For the past 10 months I have been freelancing.  During this time I have been exposed to a wide variety of code created by many individuals of vastly varying skill levels.  All of these projects have been php websites and webapps.  Of course this had led to tons and tons of different architectures.  All of these projects have had one troubling thing in common: The projects were created with absolutely no thought about maintainability.  This is, in part, because of the industry.  Boutiques and contractors are not maintaining the app.  The goal is to ship a working product in as little time as possible.  Unit testing code doesn't play into this because the time investment involved.  A significant time investment is required on determining testing strategy and writing the actual tests.  I have had many instances where writing tests takes AS LONG AS writing my actual functions!!!  Having to budget in up to 50% more time to write tests is undesirable for every party involved.
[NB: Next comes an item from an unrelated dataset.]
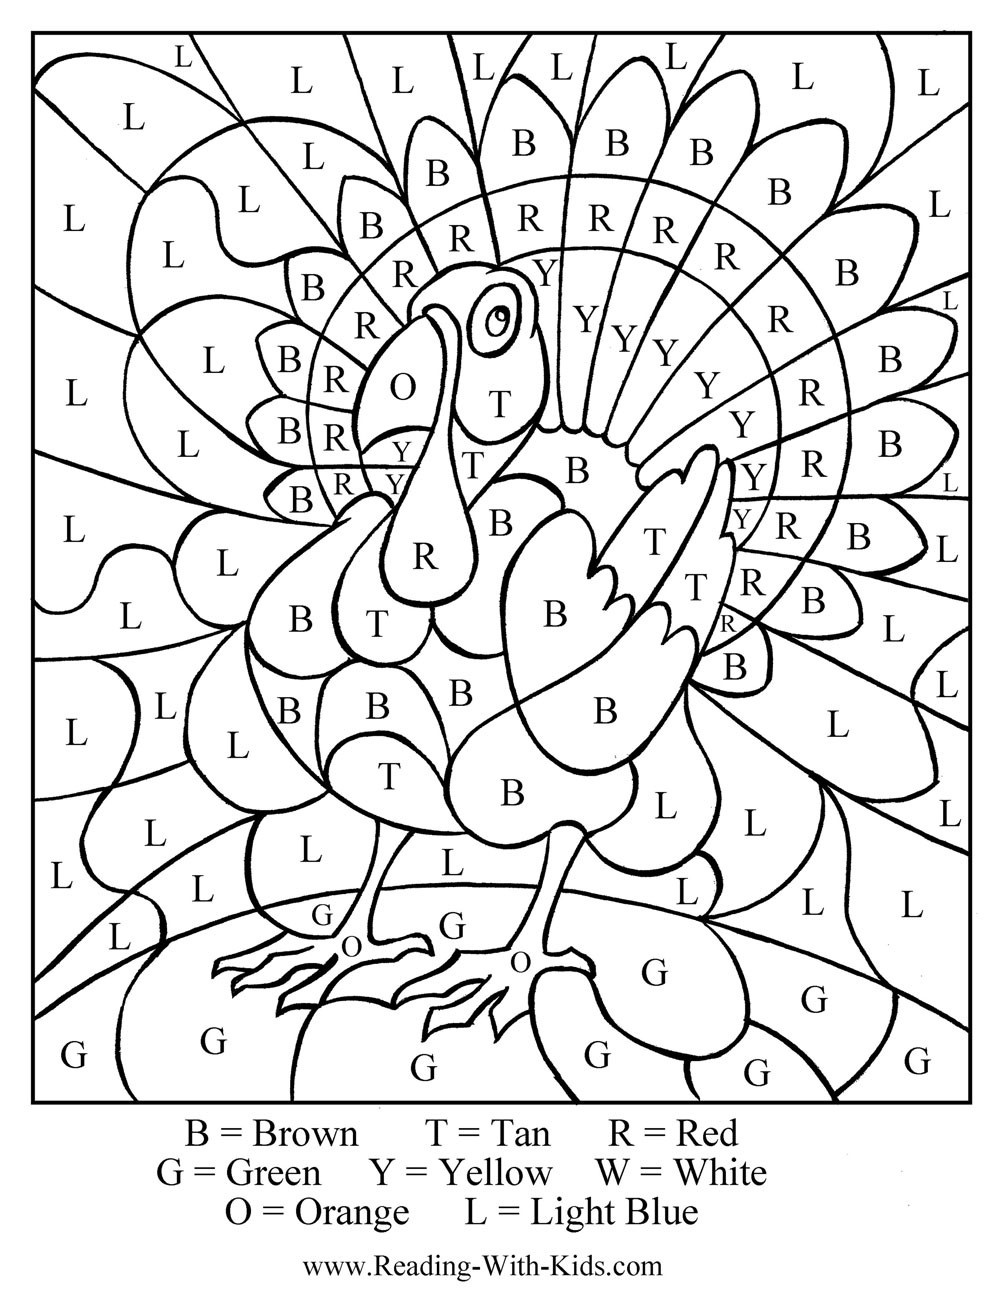 Thanksgiving Turkey Printable
 Free Thanksgiving Coloring Pages & Games Printables

This test-less, unmaintainalbe strategy actually works pretty well (it is an industry standard) as long as the sites never need features added.   During a 3 month contract with a php boutique we had a number of recurring contracts.  This involved maintaining web sites which were created 5-10 years ago.  Many of these sites were from a different era, relying on registered_globals, and completely prone to sql injection.  So the solution is simple right? Fix the security holes, add new features, and deploy!?  No.  Many of the sites did not have any sort of structure to the programs.  Each file generally had 1 or no functions and hundreds of lines of code.  Fixing bugs meant wading through lots of code that was more or less unrelated to the problems.  Why not fix this code soup?  The issues are there are set deadlines.  People don't see refactoring the whole site into something that can be maintained as a good usage of time.

Writing code as if it were going to be unit tested will resolve many issues.  Unit testing is important because it helps us think in terms of maintaining code.  The most important aspects of unit testing are usually overlooked:

Thinking about program structure.  This NEEDS to be thought about.  Even for small websites.  Sitting down and writing whatever comes to ones head is a sure way to reduce the quality of code and to remain a mediocre programmer.

Designing units, what are logical sections

I think a simple way to do this is to go through long code and comment what each section does.  For example

// log in a user
// check user permissions
// get friends of user
// etc

When doing this it becomes very very apparent what should comprise a "section".  This would makes sense to have a login_user function.  Or a check_permission function.   Even if they are only used one time, it still makes sense to create functions for these.  This helps with the next point.

Thinking in terms of maintaining code.
    - how willl this code be added to?

Actually thinking about program design will make maintaining and extending your code so much easier.  Say that in addition to the facebook login that version 1 of the site uses a client wants to add twitter auth too.  With a login_user function this is pretty easy.  All login code can be located in this function.

Learning to create software as a series or related units takes practice, but it pays off in the long run as code is easier to work on and easier to extend.